Why, you might ask?  Well he’s a theif, plain and simple.  Raz has a modded Xbox and pirates his games.  Now no one get all uppity about pirating software one way or the other, I don’t care how you feel about it if you don’t realize that a company or person will be disinclined to let you use a product they’re trying to sell for free, you’re a friggen idiot.  Anyway I would ordinarily think nothing of this article, that kind of thing happens fairly frequently, people steal games and sometimes they get caught, boo-hoo, he’s not getting some sort of ridiculous RIAA fine or jail time, just no more online gaming because you’re a criminal, whaaan.
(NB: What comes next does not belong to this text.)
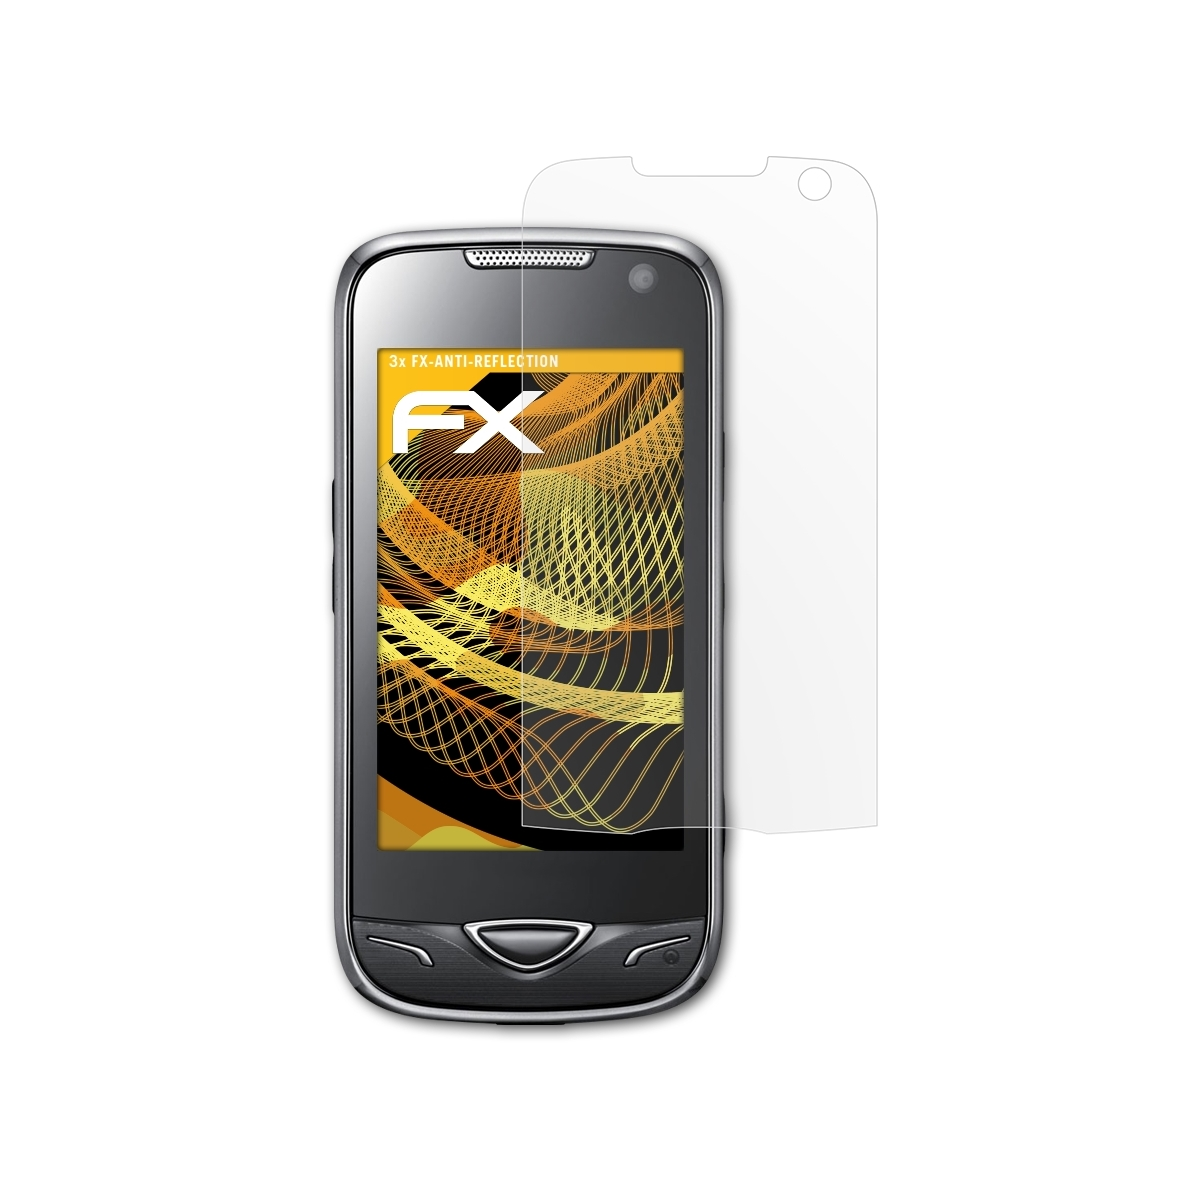 ATFOLIX 3x FX-Antireflex Displayschutz(für B7722i Samsung (GT-B7722))

What sets me off on this is that this guy is literally flabbergasted by this fact.  He’s astounded to learn that his openly admitted, publicly communicated theft of £600 worth of games (just under $1,000 to us Yanks) has earned him a ban.  Furthermore he states that, while he won’t mod another console, he’s unsure if he will buy another Xbox or get a PS3 now instead.

Let me get this straight, you essentially stole one large worth of games, got a slap on the hand and now you’re so mad at Microsoft you’re going to get a PS3 instead?  Wow, guess what chief, I don’t think they’re going to miss you.  Maybe Sony can use this for some creative marketing, “Xbox Live won’t let you play because you’re a dirty criminal, welcome PSHome!”  Somehow I don’t think Sony will exactly be thrilled with that sort of support either.

Some good quotes from the article after the break:

continue reading…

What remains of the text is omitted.